Gilbert Edgar Jose (1 November 1898 – 27 March 1942) was an Australian surgeon and first-class cricketer who played for South Australia. He died whilst a prisoner of war in Changi Prison during World War II.

Early life
Jose was born in Taizhou, China, where his father, George Jose, worked as a CMS missionary.

Back in Australia, Jose attended St Peter's College in Adelaide.

Cricket career
Jose made his first-class debut for South Australia in the 1918/19 season, against Victoria at the Melbourne Cricket Ground. He scored a pair, run out without scoring in the first innings and bowled for 0 by Ted McDonald in his second innings. Although he only batted in the lower order, Jose wasn't called on to bowl in the match.

His second first-class appearance came in 1920/21, at the Adelaide Oval, against the touring Marylebone Cricket Club.
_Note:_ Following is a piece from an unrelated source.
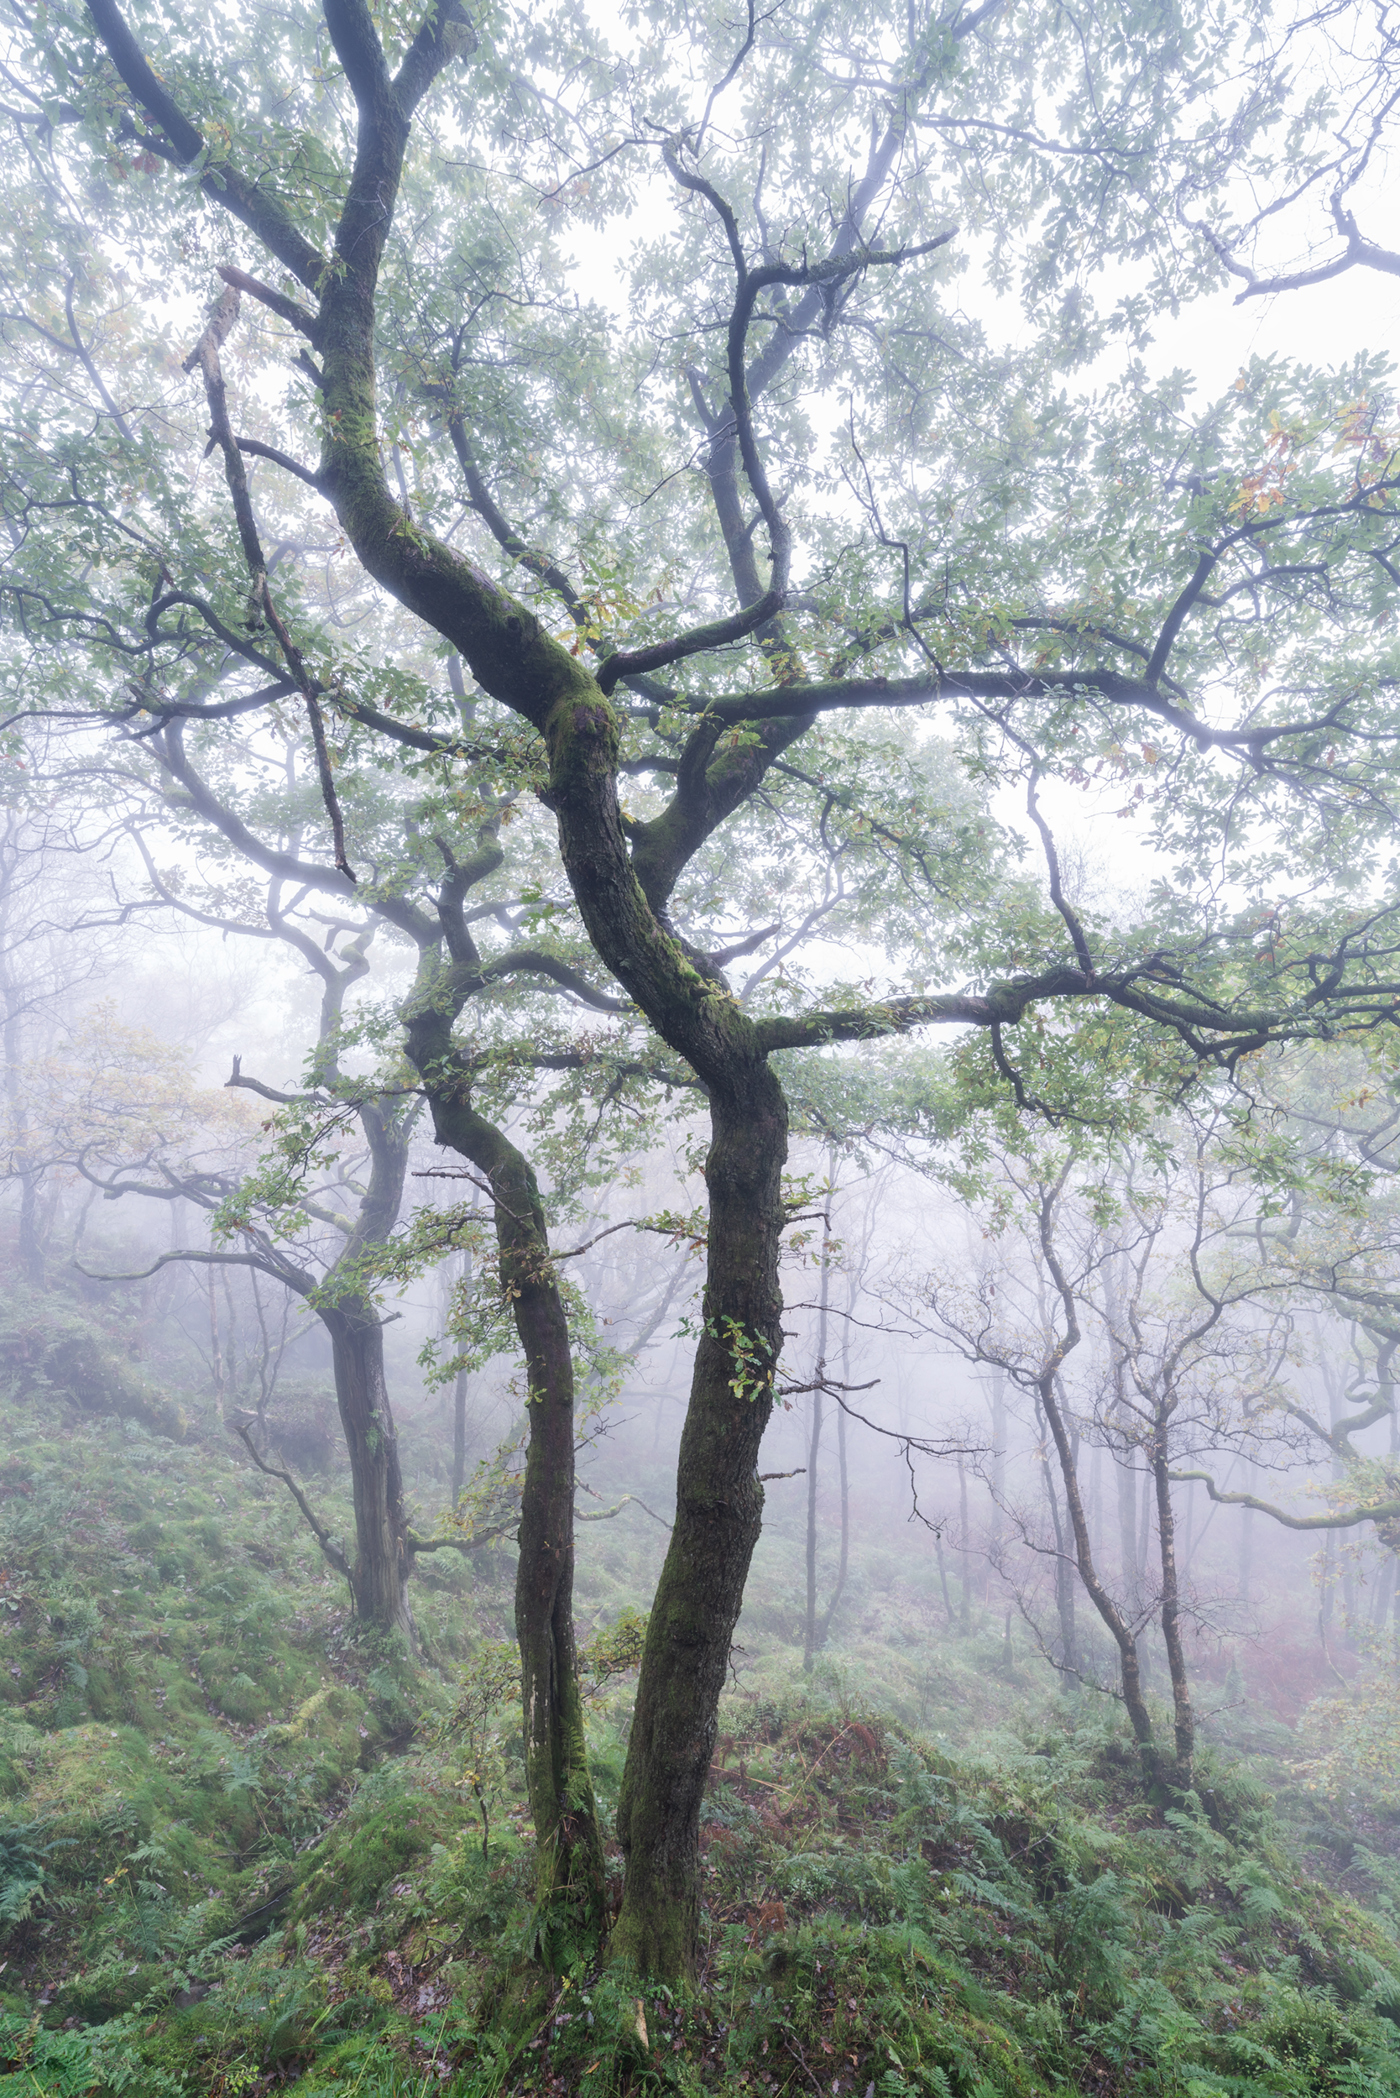 A gnarled tree with moss-covered branches stands prominently amidst a foggy, verdant forest, its leaves lightly diffusing the soft, ethereal light. Gentle gradients of green and the mist's white shroud give the scene an enchanting, almost mystical quality. a group of trees with white flowers

He came in at six in the batting order and scored 16 in his first innings. Promoted up the order to five in the second innings, Jose scored just two.

Military service
Jose, a Fellow of the Royal Australasian College of Surgeons, served with the Australian Army Medical Corps in World War II. A Major, he was assigned to the 10th Australian General Hospital and was taken prisoner by the Japanese. He was kept as a prisoner of war in Changi, Singapore and died from dysentery on 27 March 1942.

Family
He had two brothers, Ivan Bede Jose and Wilfrid (commonly misspelled Wilfred) Oswald Jose, who both served in the first World War. Ivan was awarded a Military Cross and was later the Chief Surgeon at the Royal Adelaide Hospital. Wilfrid was killed in action in Noreuil, France in April 1917.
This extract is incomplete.